Done well, a data mesh can speed time to market for data-driven applications and give rise to more powerful and scalable data products. These benefits have strategic implications. But it’s essential to approach the buildout in the right way. Otherwise, well-intentioned programs can collapse under their own weight. A leading life sciences company, for example, was prepared, from a technological standpoint, for the hard work a data mesh would require. But what it was unprepared for—and found far more challenging—was harmonizing data-management practices and building agreement among different business groups on which data products and use cases to centralize. Failing to anticipate these issues forced the project to pause midstream, creating confusion and prompting business users to revert to older and less efficient ways of managing data.

By understanding what domain-based data management is and hewing to a few core precepts, companies can avoid the learning pitfalls others have faced and begin reaping the rewards of a data mesh more quickly.

What exactly is a data mesh?

The term “data mesh” was coined by Zhamak Dehghani in 2019, when she was a principal at Thoughtworks. It caught on as a way of capturing the idea of distributed data access. But interpretations of what that means in practice abound. Is it a new technology, does it make existing data repositories obsolete, or is it a theoretical construct?

McKinsey defines a data mesh as a data-management paradigm that organizes data in domains, treats it as a product, enables self-service access, and supports these activities with federated governance (Exhibit 1). Here is why each of these elements is important.

1
A data mesh is based on four foundational elements.

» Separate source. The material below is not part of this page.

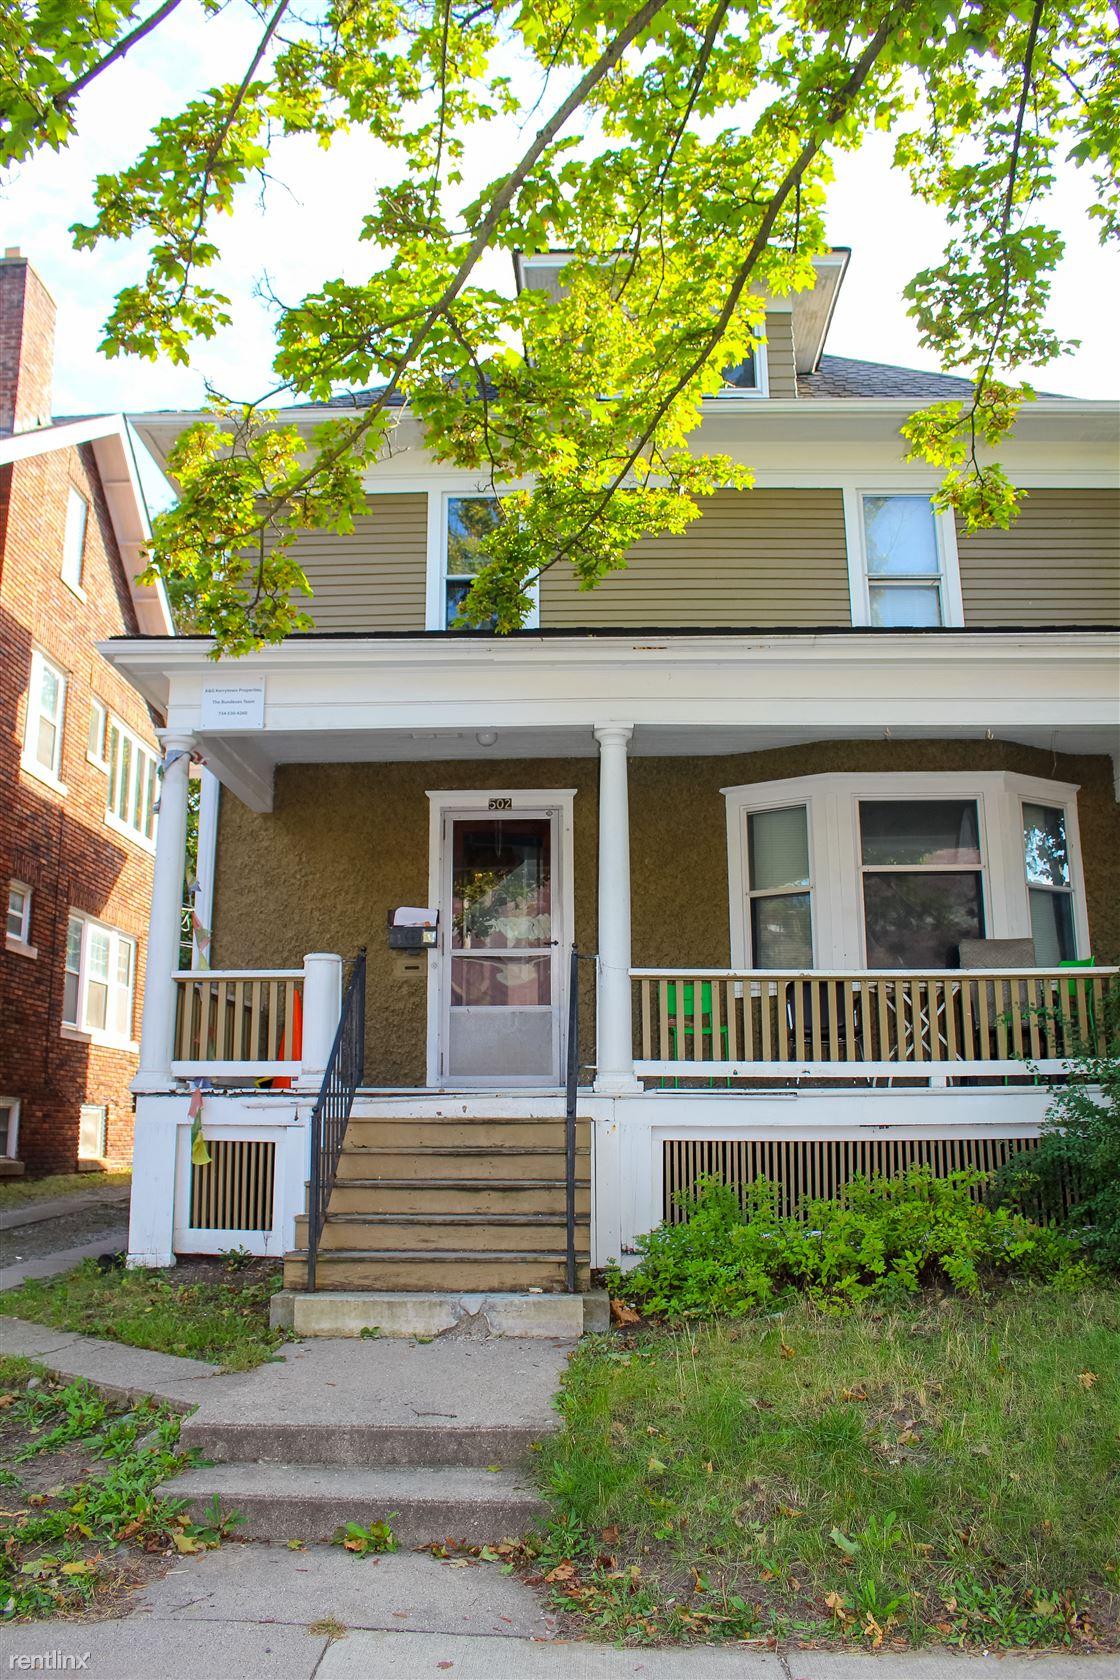 House for Rent in Ann Arbor

Domain-based data management allows data to sit anywhere. Business teams own the data and are responsible for its quality, accessibility, and security. Domains are collections of data organized around a particular business purpose, such as marketing, procurement, or a particular customer segment or region. They contain raw data as well as self-contained elements known as data products. These data products bundle data to support different business applications, and they are designed with the internal wiring needed to plug directly into relevant apps or systems. A self-serve data infrastructure underlies the data mesh and acts as a central platform, providing a common place for business users to find and access data, regardless of where it is hosted.

Governance is managed in a federated “hub-and-spoke” way. Under this approach, a small central team sets controls, and a supporting data infrastructure enforces them. Standards defined in code enable data product teams within the business to comply with metadata documentation, data classification, and data quality monitoring.

Together, these elements create a self-organizing mesh in which different groups around the business can come together, define their data requirements, agree on how new data is to be shared, and align on the best ways to employ that data.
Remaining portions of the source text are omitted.